▸ What to do:
Pictures are to be left out; every line from the one that holds "Aquaな露天風呂Vol.826 露天 |" to the end of the data is to be retyped exactly.

▸ Collected material:
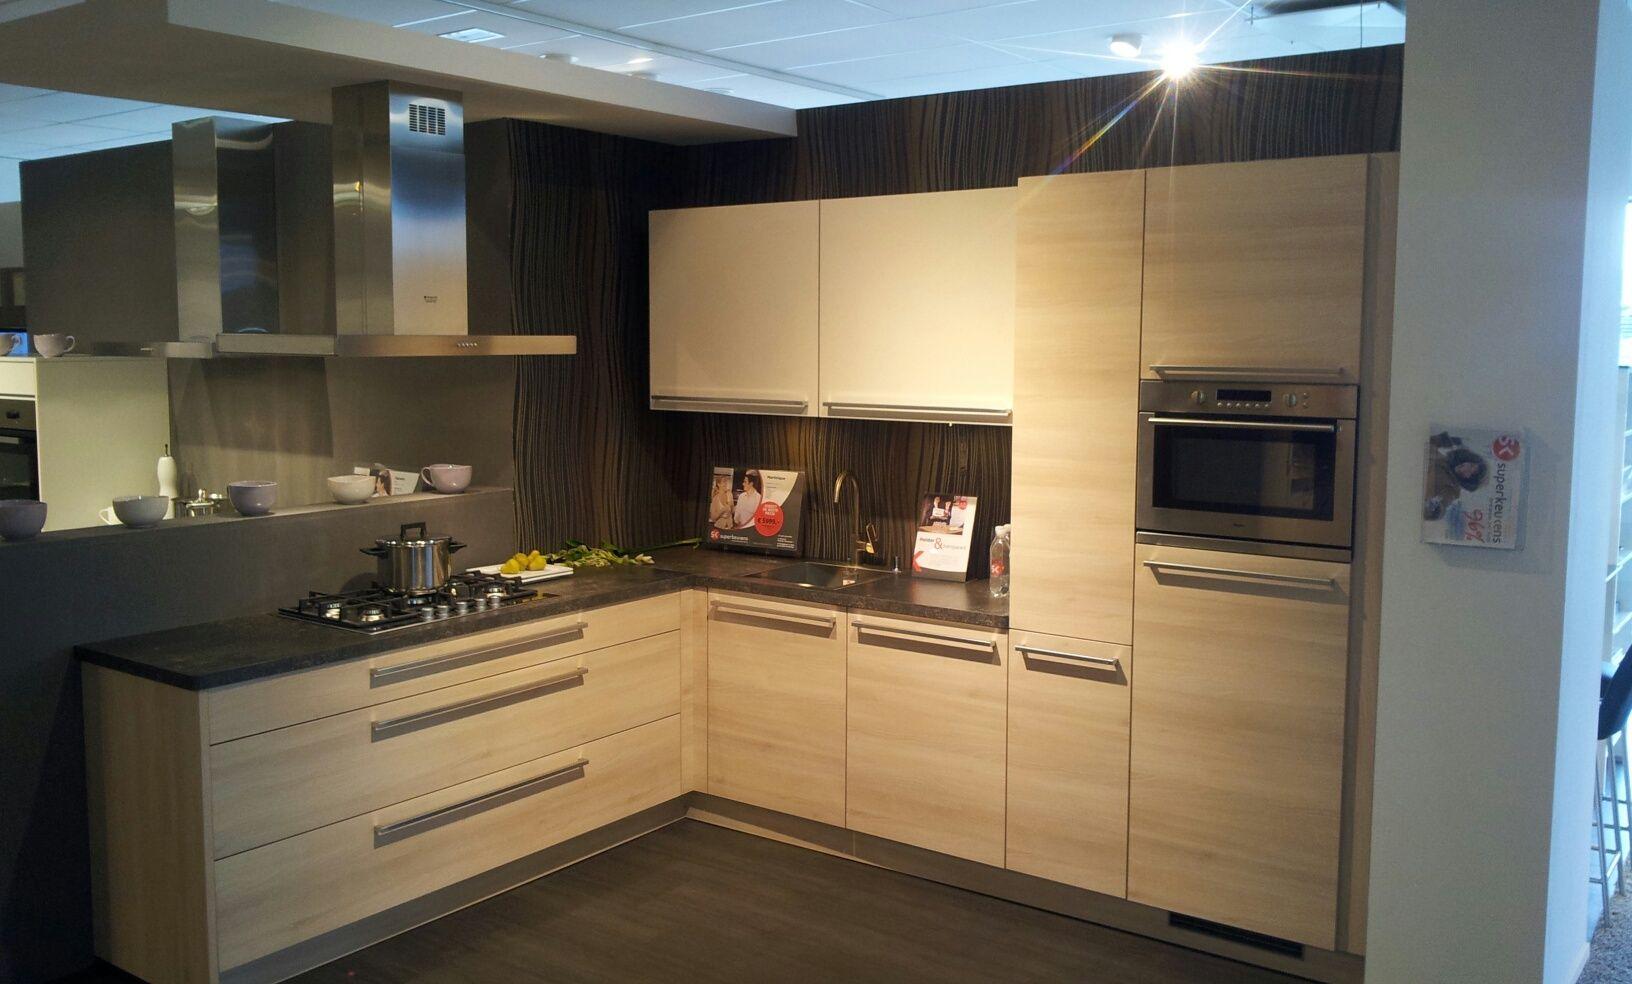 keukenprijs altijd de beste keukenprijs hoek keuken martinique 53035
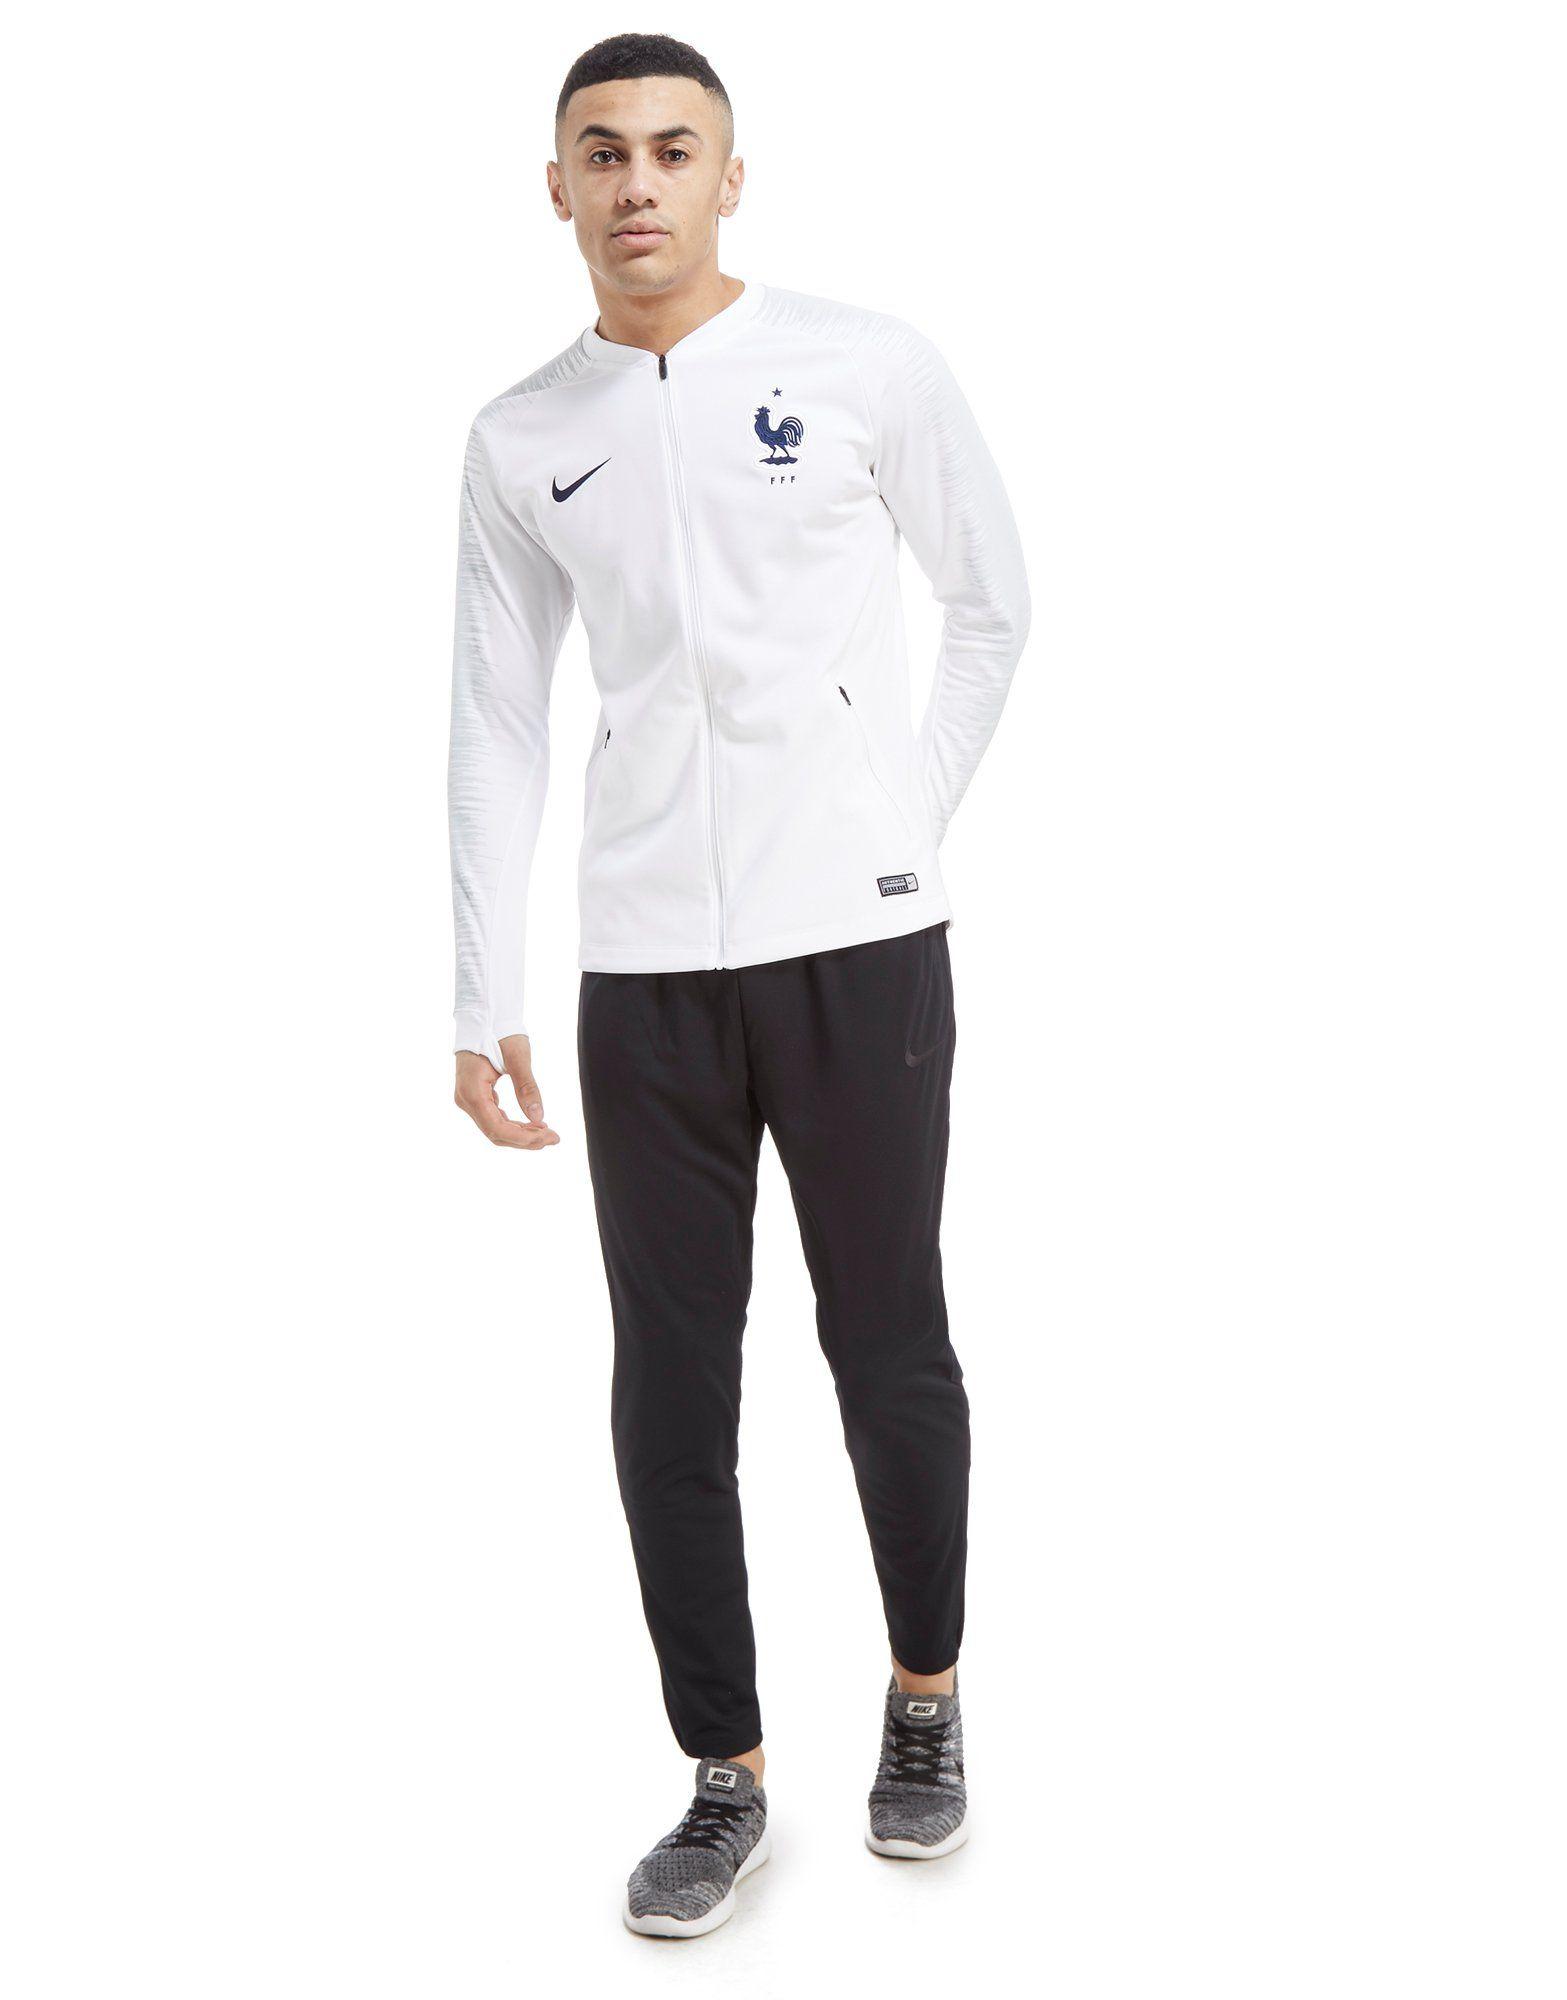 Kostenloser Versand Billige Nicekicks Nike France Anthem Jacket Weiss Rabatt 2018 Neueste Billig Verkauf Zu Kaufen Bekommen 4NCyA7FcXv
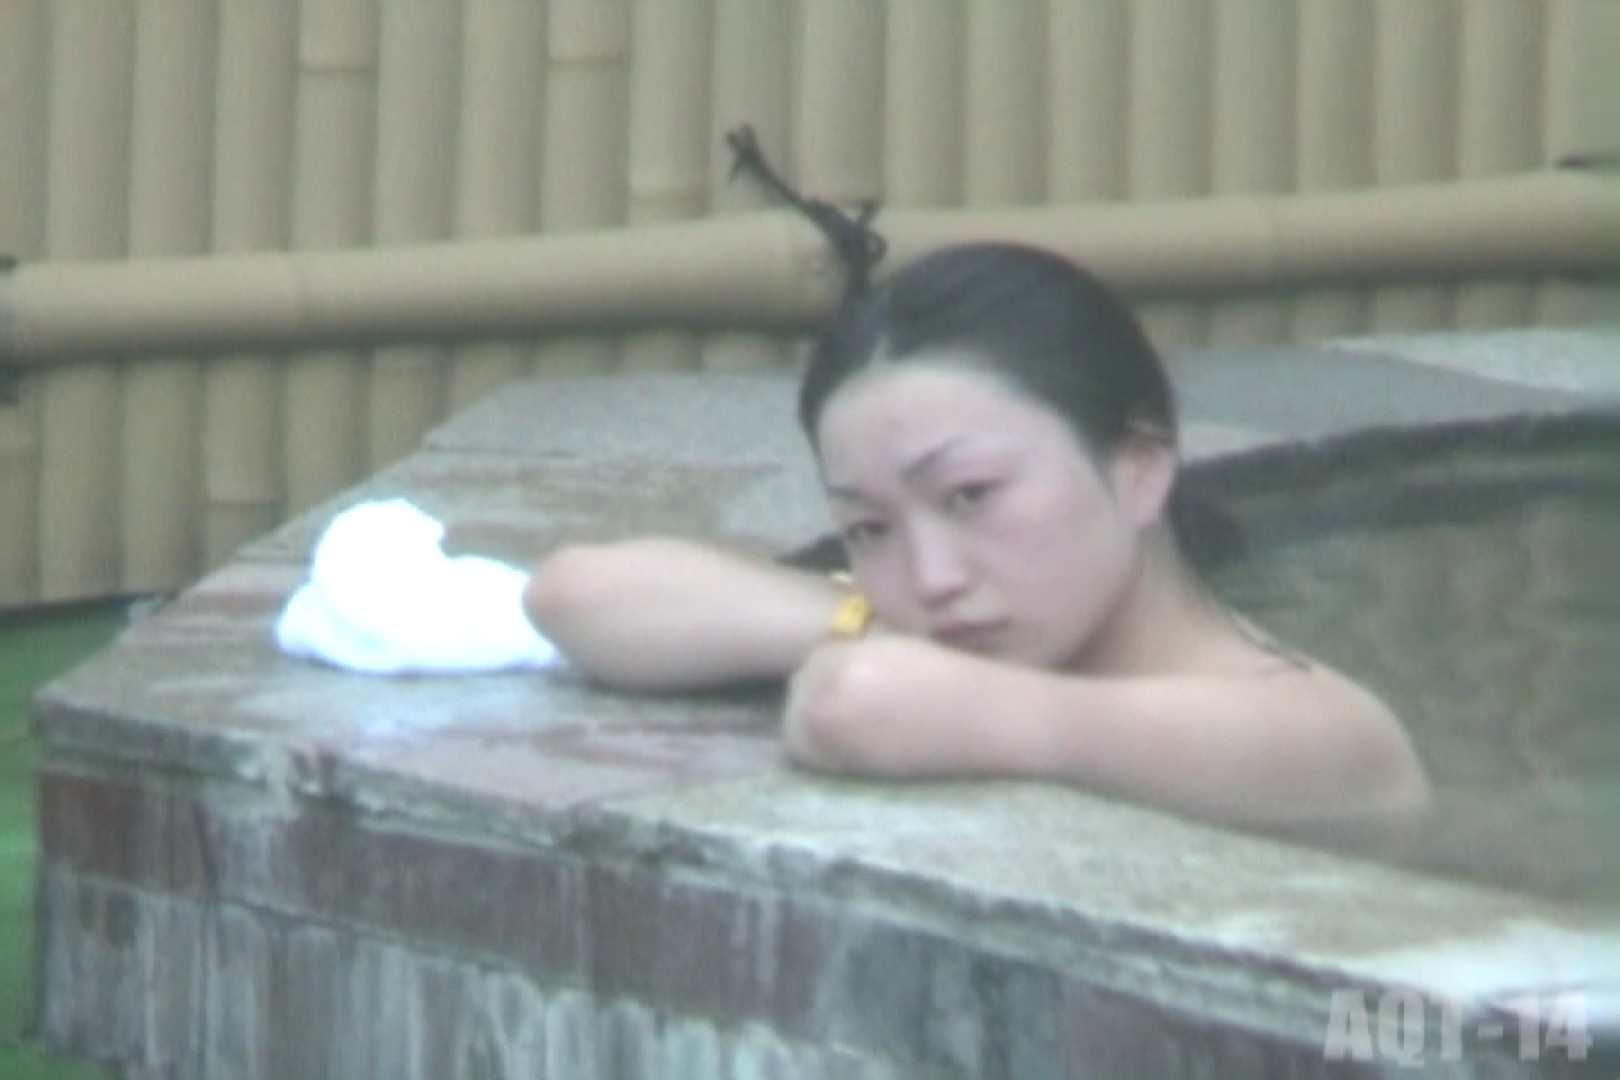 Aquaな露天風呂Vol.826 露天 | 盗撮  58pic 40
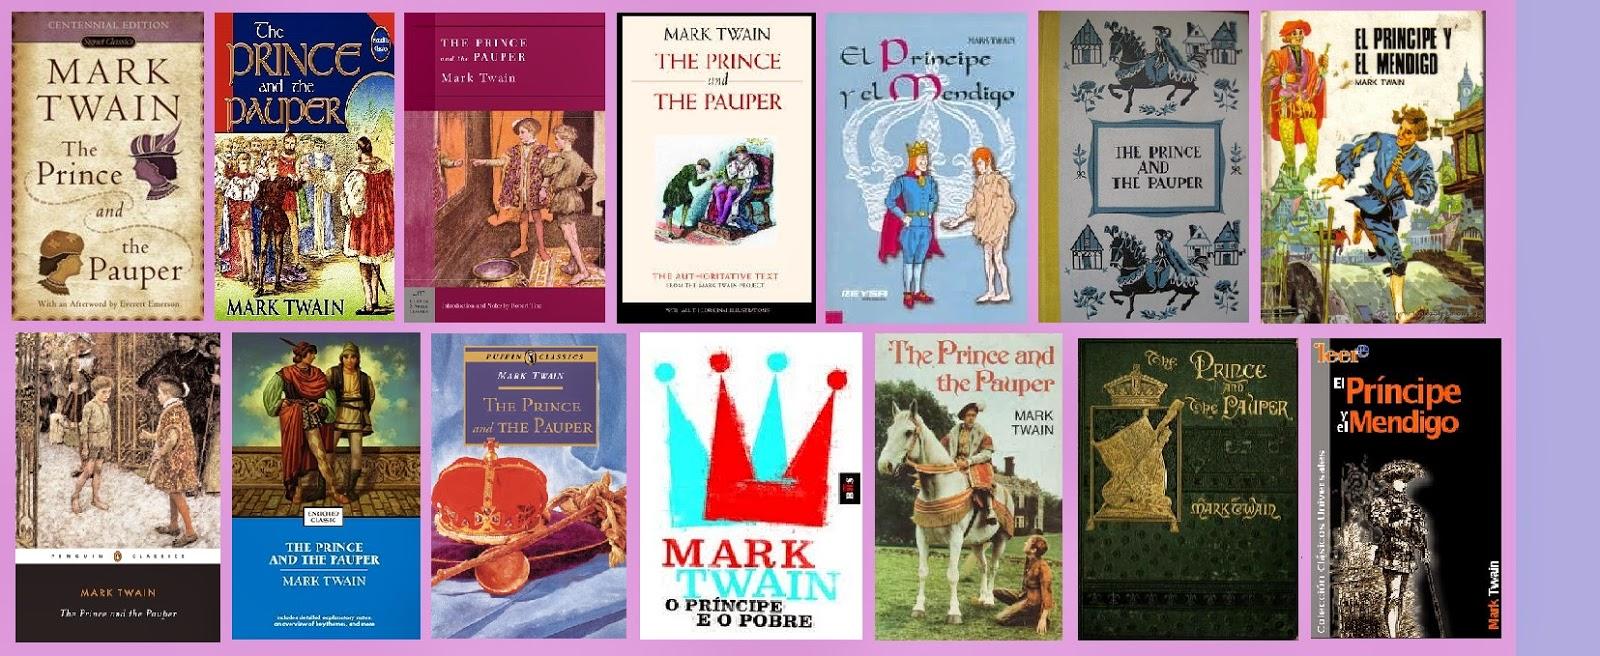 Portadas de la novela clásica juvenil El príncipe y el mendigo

▸ Expected output:
 Aquaな露天風呂Vol.826 露天 | 盗撮  58pic 40
 Portadas de la novela clásica juvenil El príncipe y el mendigo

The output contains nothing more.